# Forum in English  > Internet security for beginners  > Microsoft Windows  > Microsoft Windows for professionals  >  Hidden and superhidden extensions

## XP user

Here are Microsoft's instructions for how to display ALL file name extensions for installed programs:



> 1. Open My Computer or Windows Explorer.
> 2. On the Tools menu , click Folder Options.
> 3. Click the View tab.
> 4. Click to clear the Hide extensions for known file types check box.


That's it... Is that it? No, that's not it! Microsoft wouldn't be Microsoft if they hadn't decided to still hide some stuff from the user. 

What am I talking about? 

It is possible to name a file so that it looks safe to open, when in fact it may be an executable containing dangerous content. For example, a file could be displayed as 'readme.txt' in explorer, when in fact its real name could be 'readme.txt.shs' but since the '.shs' portion of the filename is superhidden, it is impossible to tell it apart from a simple text file. Then once a user double-clicks to open this file, instead of seeing a text page as expected, the file will be executed by Windows as a scrap object and may potentially harm the system. Notwithstanding the many exploits that already exist against this default Windows setting, Microsoft has chosen to stick to this tradition in Vista!
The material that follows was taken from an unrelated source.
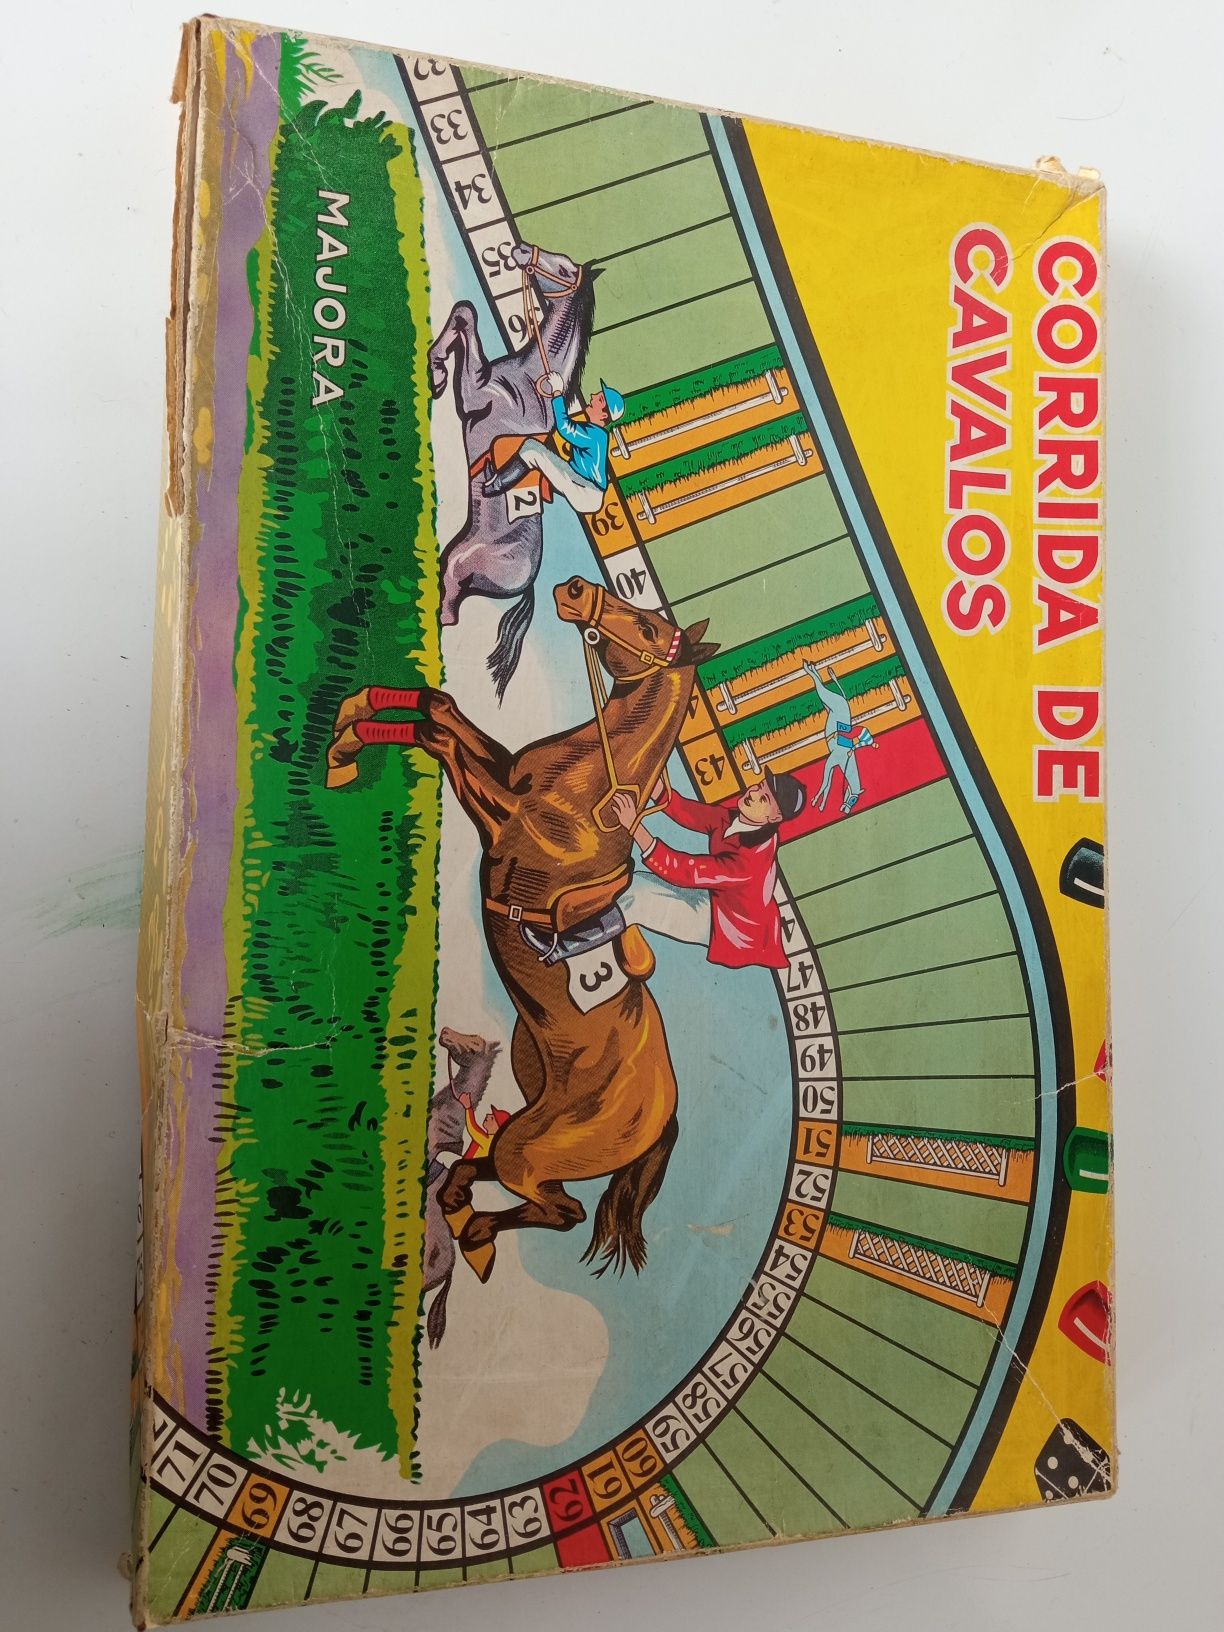 Jogo corrida de cavalos majora + oferta tabuleiro kart Cedofeita
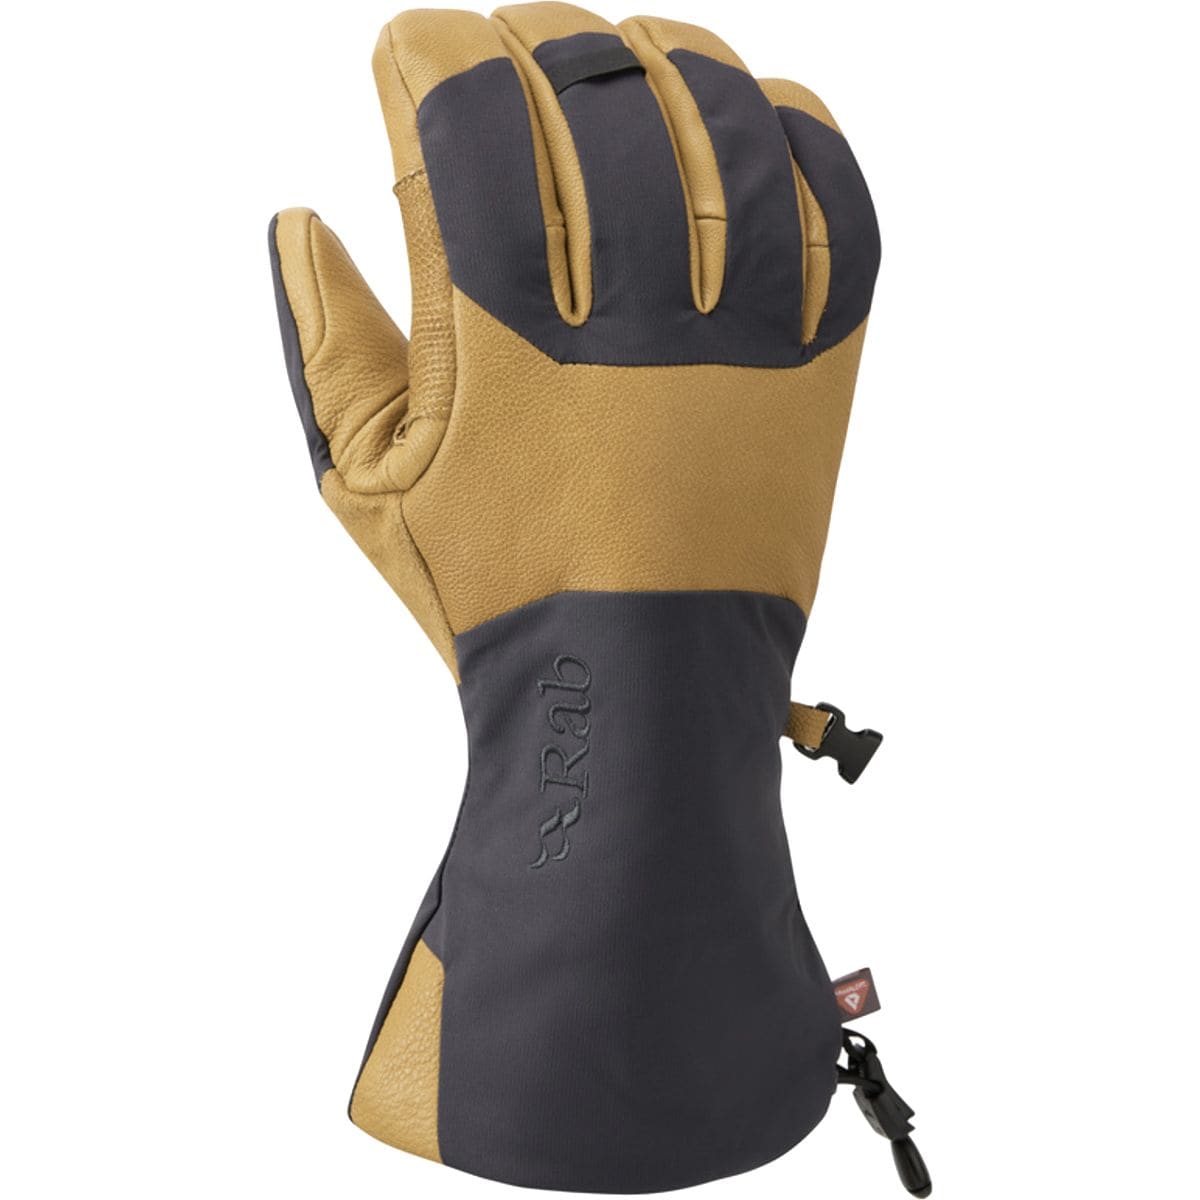 Rab Guide 2 GTX Glove - Men's

To remove the potential to hide files, open your registry [Start - Run - *regedit* (Enter)] and, using the 'Search' function [Edit -Find], find each occurance of a value named *NeverShowExt*. Whenever this value is present the associated file extension will NOT be shown. To display the file extension, highlight the 'NeverShowExt' value and hit 'Delete'. Repeat this process for each extension you want to display.

Some common superhidden and very, very dangerous extensions that will be launched by Windows WITHOUT the usual 'Are-you-sure?' warning include: .shb, .url, .lnk, .pif, .scf, and .shs
They are all in the HKEY_CLASSES_ROOT section of the registry editor.

You should restart Windows for the change to take effect.

Paul

----------